Artículo de opinión de Mikel Mancisidor @MMancisidor1970 el 17 de diciembre de 2023 en Deia (enlace)
La vida es sueño
Vengo de ver en uno de nuestros teatros municipales La Vida es sueño, de Calderón de la Barca. La puesta en escena era potente pero sus efectos disonantes no rompían el sentido de la trama y sus palabras. No competían, como tantas veces ocurre cuando los egos de algunos toman el mando, con el texto, sino que se ponían a su servicio. Salí con esa sensación renovada que dan los clásicos, que nos alimentan de ideas y belleza, que hacen preguntas complejas y nos alejan de respuestas simples, que nos ayudan a hacer nosotros mismos preguntas nuevas a los textos viejos, para mirarlos con ojos nuevos y con intuiciones que alimentan futuro. Por eso, supongo, son clásicos.

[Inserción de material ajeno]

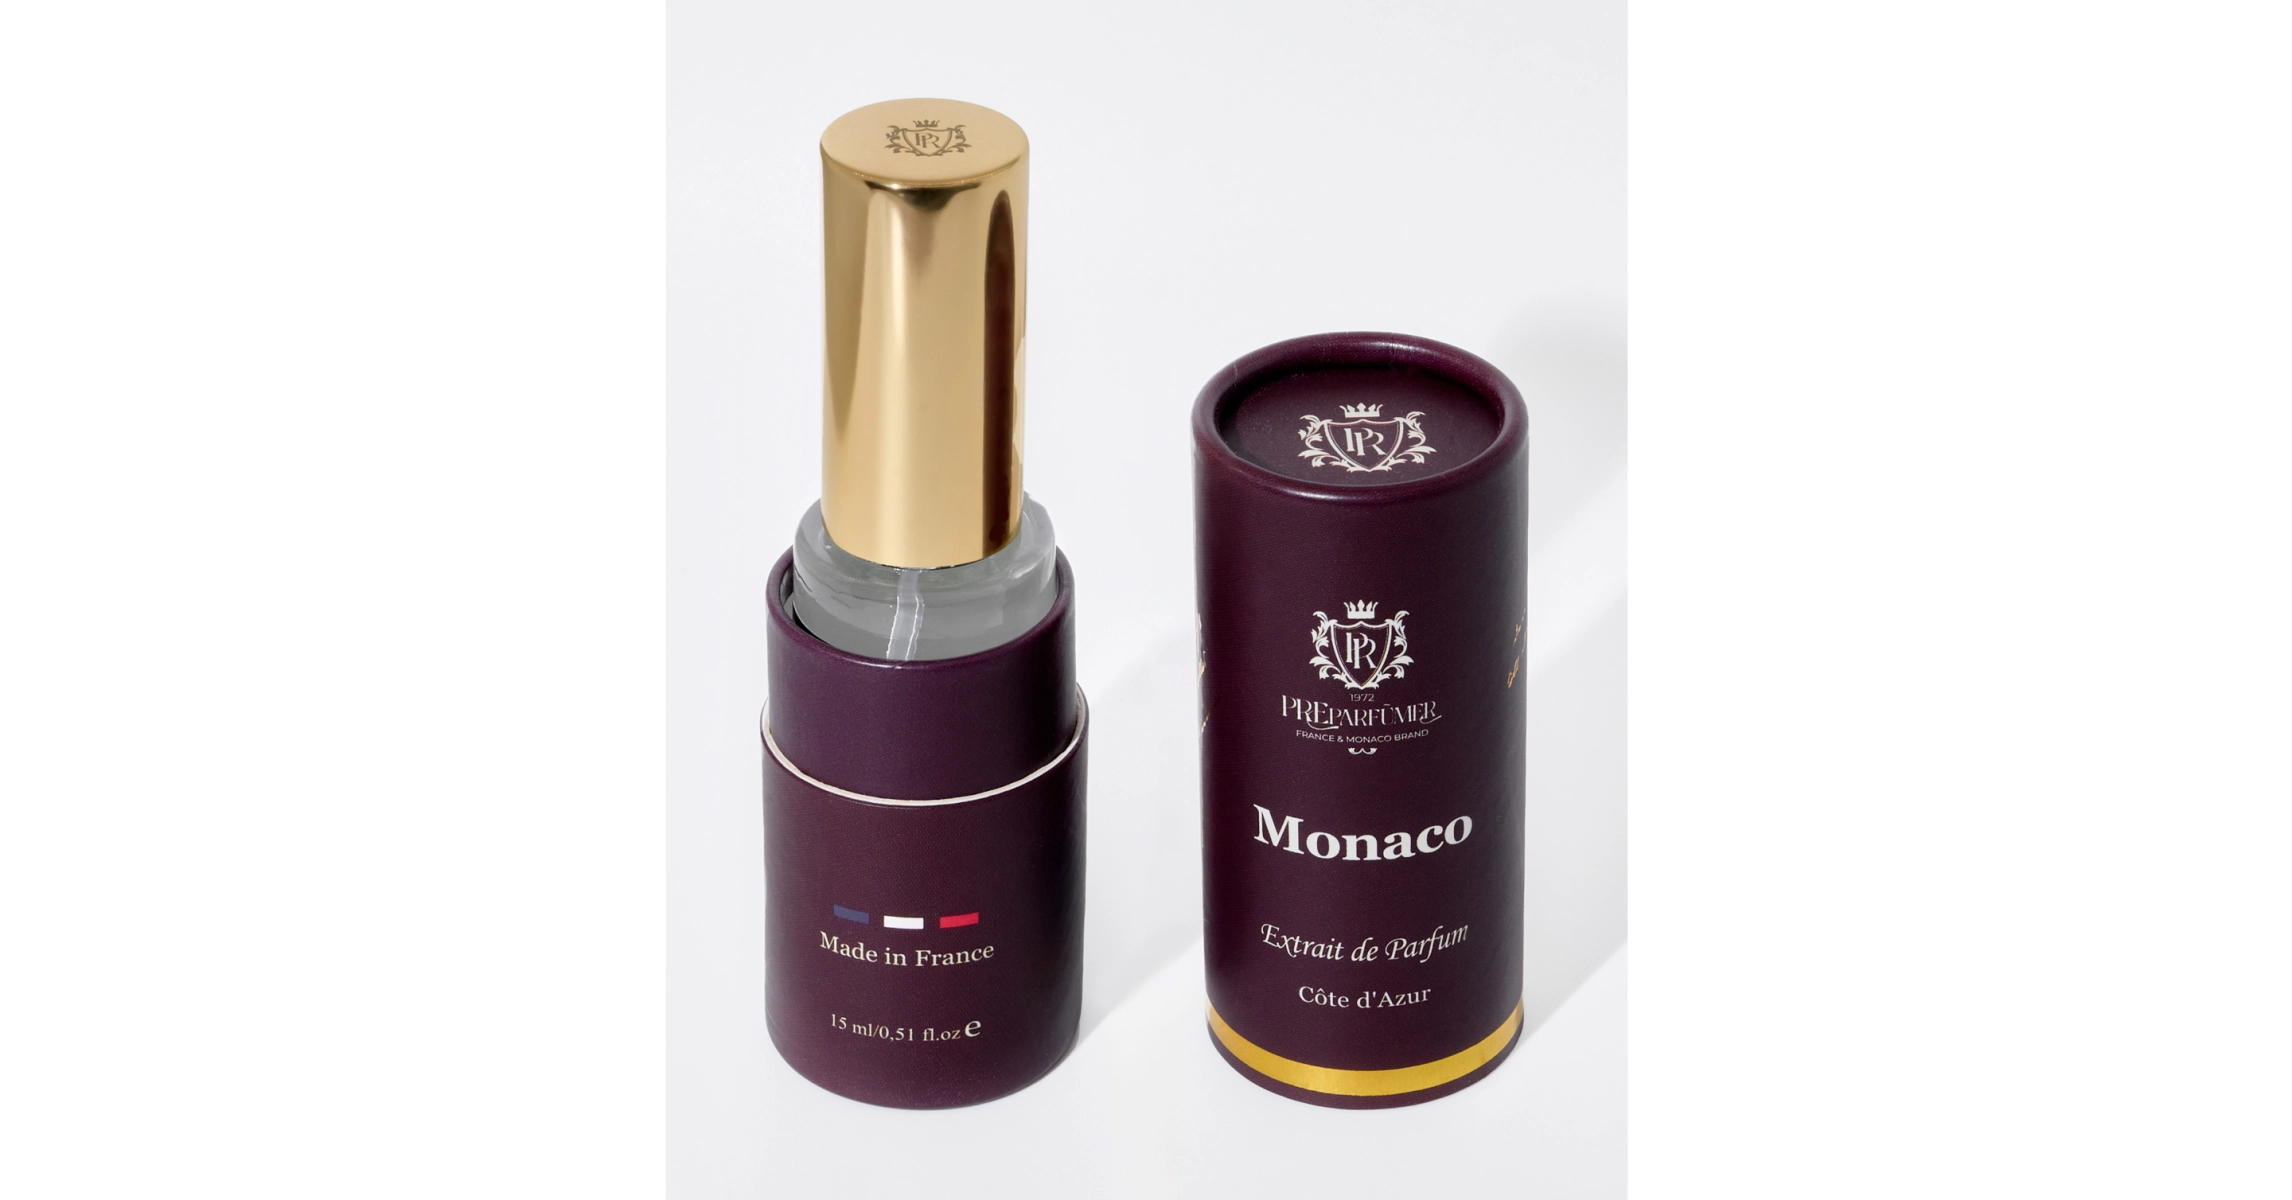 Extrait de Parfum - Monaco, 15 ml

Los temas de la obra son conocidos. El tema de la fuerza del destino y los vanos intentos humanos por conjurarla –el mismo viejo tema de Edipo–puede parecer superado por una cultura que rechaza un sino ya fatalmente escrito. Pero nos confronta quizá como ese misterio de que cuanto más nos concentramos en escapar de nuestros miedos, obsesiones o rencores, menos podemos liberarnos de sus ataduras y más nos enmadejamos en sus trampas para terminar condenados a sus cadenas, mientras que en ocasiones dejarlos fluir y ganarlos para nuestra causa se convierte en el mejor recurso para superar su condena.

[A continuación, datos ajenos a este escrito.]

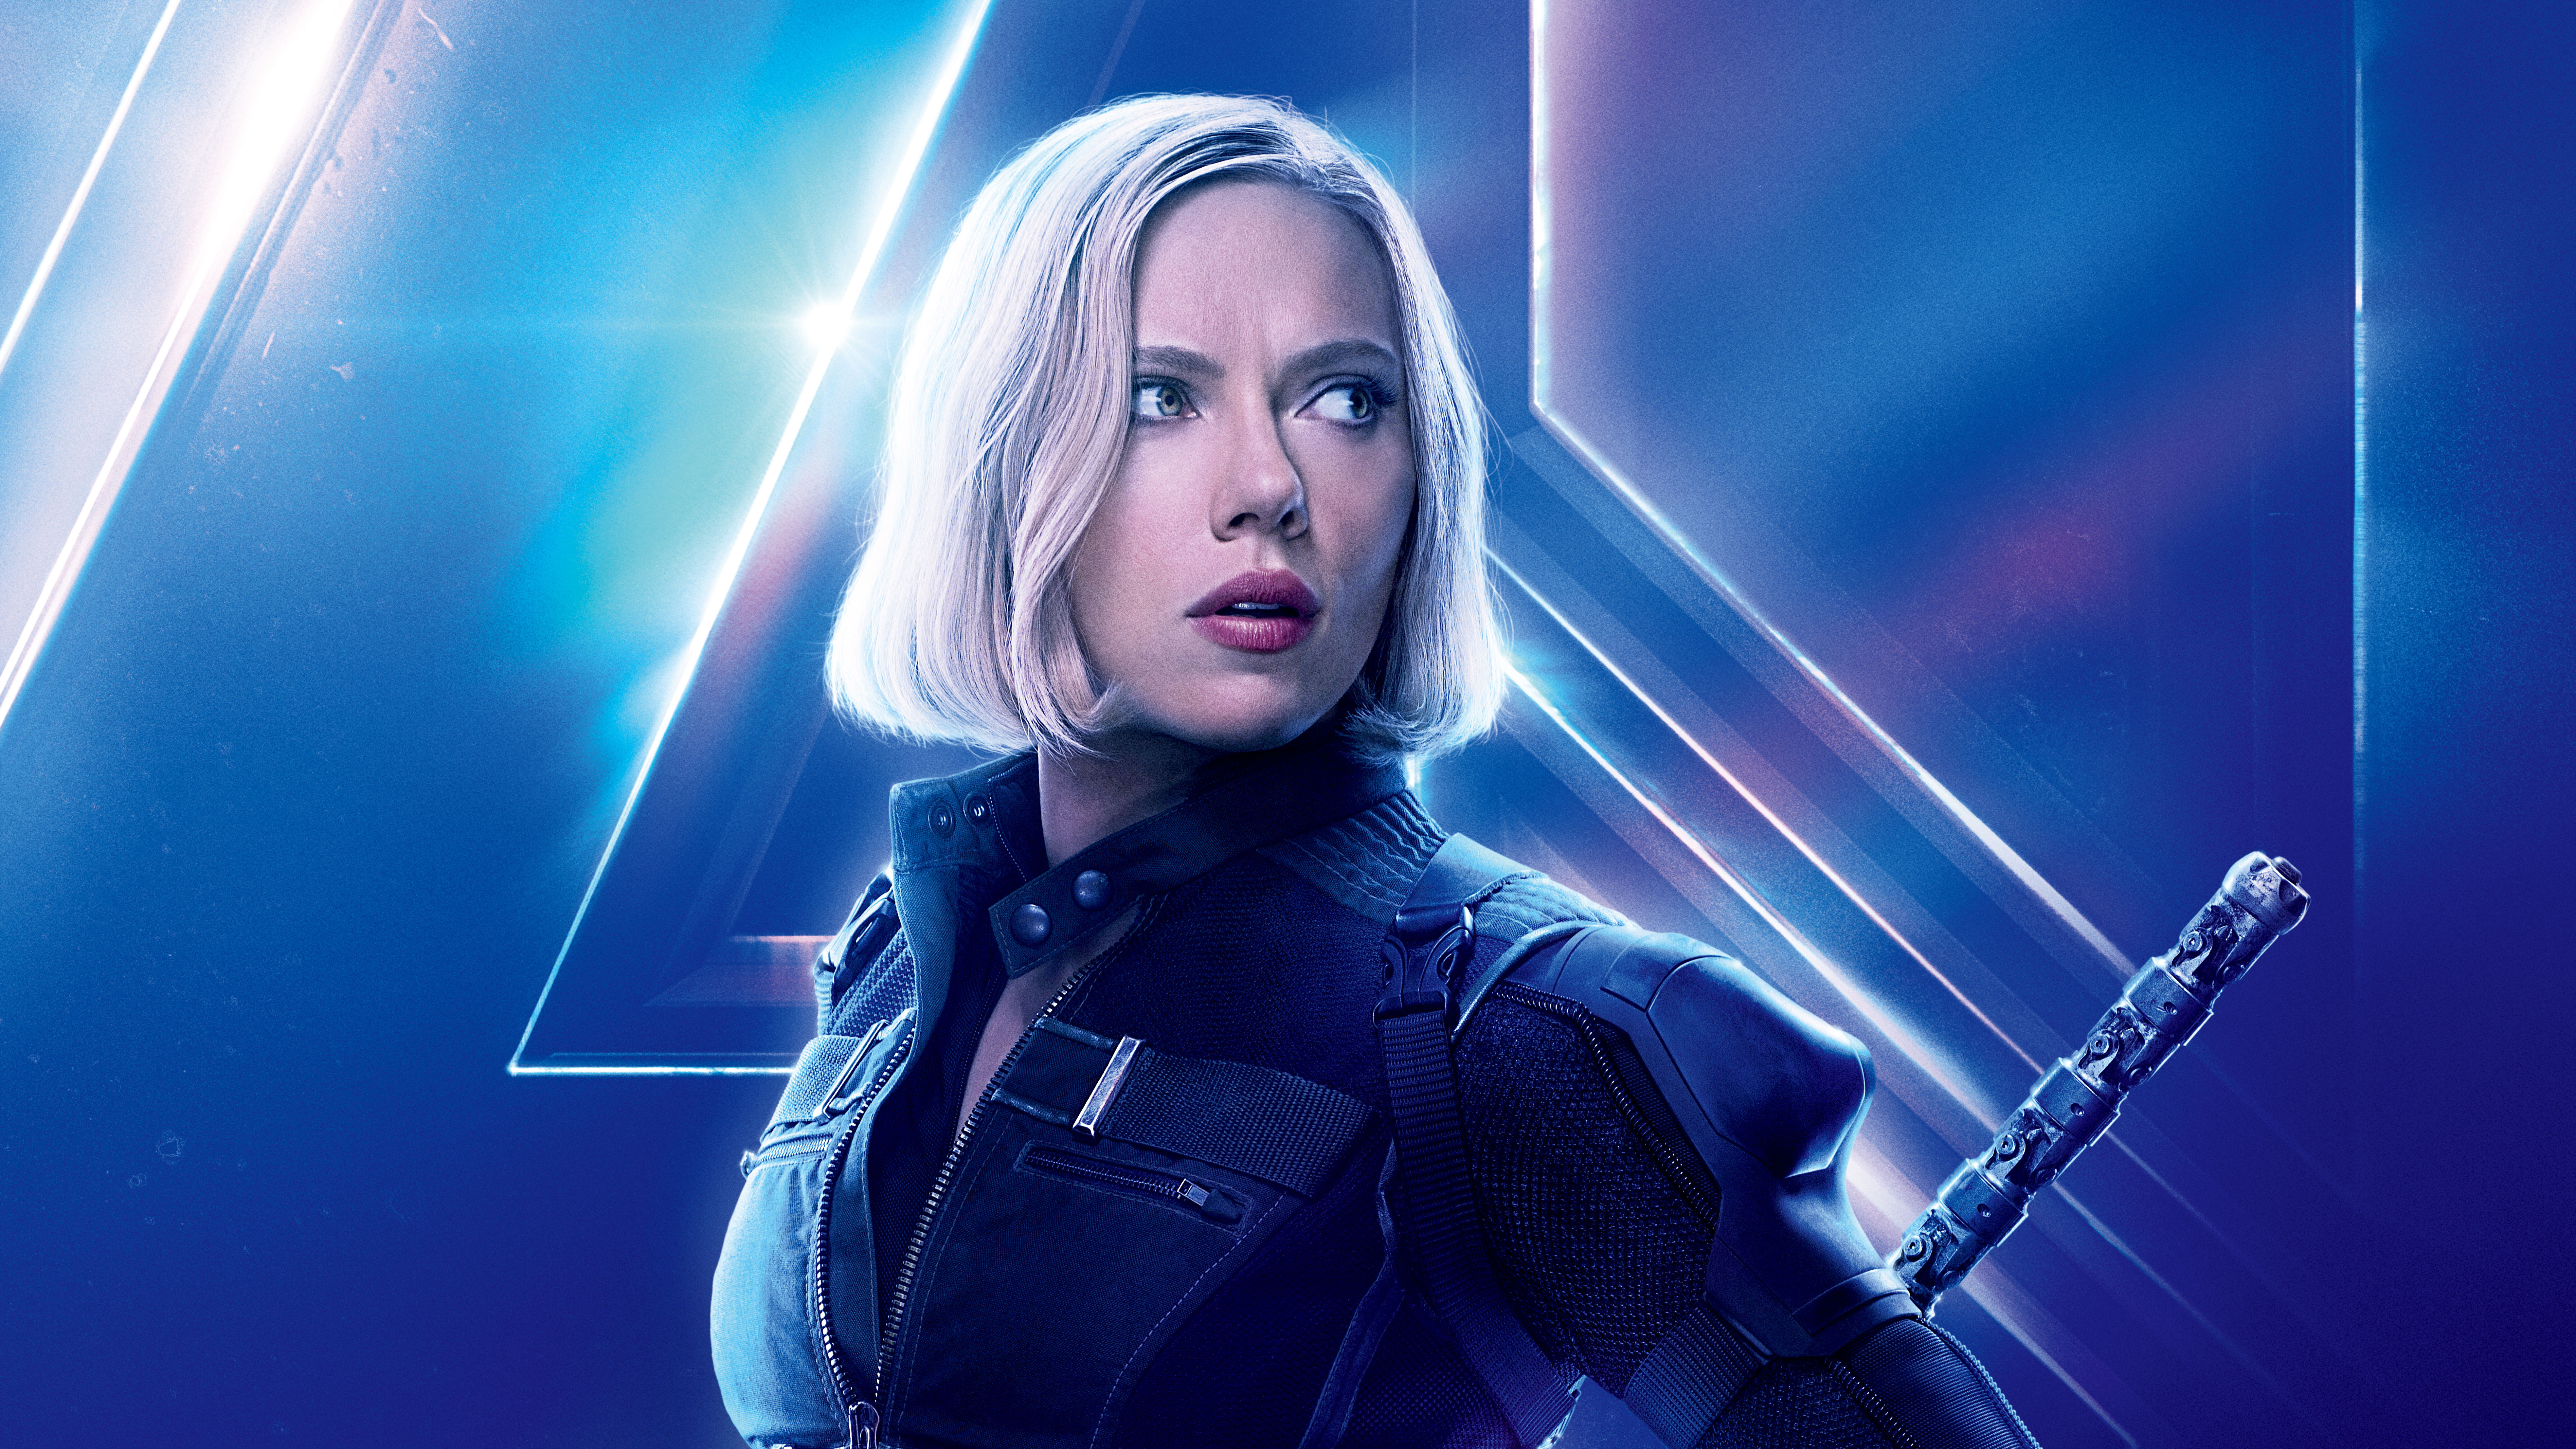 Wallpaper Avengers: Infinity War, Black Widow, Scarlett Johansson, 8k, Movies #179117871 x 4427

El tema de la vida como sueño refleja nuestra sociedad de pantallas que nos acercan tanto como nos alejan de la alteridad, para regalarnos al módico precio de nuestra autonomía la apariencia de conocimiento sin esfuerzo, la ficción de criterio sin discernimiento, el sueño de la opinión sin método, la fantasía de la pasión sin riesgo, la mentira de la comunidad sin la diferencia, de la experiencia sin mirada ajena, de la miseria del vivir sin afán ni consecuencia. La pantalla es plana, sin las texturas de la cueva de Platón o de los muros de la torre de Segismundo. Lo es en un sentido tan cabrón que la publicidad que ofrece cada temporada un modelo más ultraplano se convierte en irónica confesión.
A la salida del teatro hablé con dos jóvenes estudiantes impactadas por la fuerza de lo vivido. La pasión del descubrimiento rezumaba inquieta y se transmitía en sus miradas iluminadas. Pronto, en alguna de las próximas reformas educativas –si no lo hemos hecho ya, cosa que no quiero comprobar–, decidiremos que el teatro clásico no interesa a los jóvenes, que es aburrido y escapa a las capacidades de su nivel plano de comprensión, que contamina su inocencia con contenidos inapropiados, que les expone a experiencias que impactan sus delicadas fibras con momentos de libertad y conocimiento –o de incorrección política– que quizá no sepan gobernar.
Un filósofo surcoreano muy de moda escribe sobre las sociedades postnarrativas, plagadas de “experiencias de narrativas efímeras, que incluyen las teorías conspirativas y el tsunami informativo, que son dos caras de la misma moneda”. Pero la experiencia narrativa requiere “que se escuche atentamente y se preste una atención concentrada (…) la comunidad narrativa es una comunidad de personas que escucha con atención”. Porque, sigue el filósofo, “sin narración no hay fiesta ni tiempo festivo, no hay sentimiento de festividad vivida como una intensa sensación de ser: no hay más que trabajo y tiempo libre, producción y consumo. Las fiestas se comercializan como acontecimientos y espectáculos.”
Hace justo 800 años, en 1223, San Francisco de Asís celebró cerca de Greccio la Navidad de una nueva forma que aún en muchas casas conservamos. Aita Donostia escribió ya en París para conmemorarlo, siete siglos después, la obra coral Le Noël de Greccio, que hoy, 17 de diciembre, con un impagable sentido de la oportunidad, de la cultura, de la historia y de la espiritualidad, un grupo de investigadores y divulgadores de la cultura vasca, capitaneados por Josu Okiñena, recupera en el Buen Pastor donostiarra. Yo estaré allí con el sueño –la vida es sueño– de que el adviento próximo pueda programarse en cada capital vasca.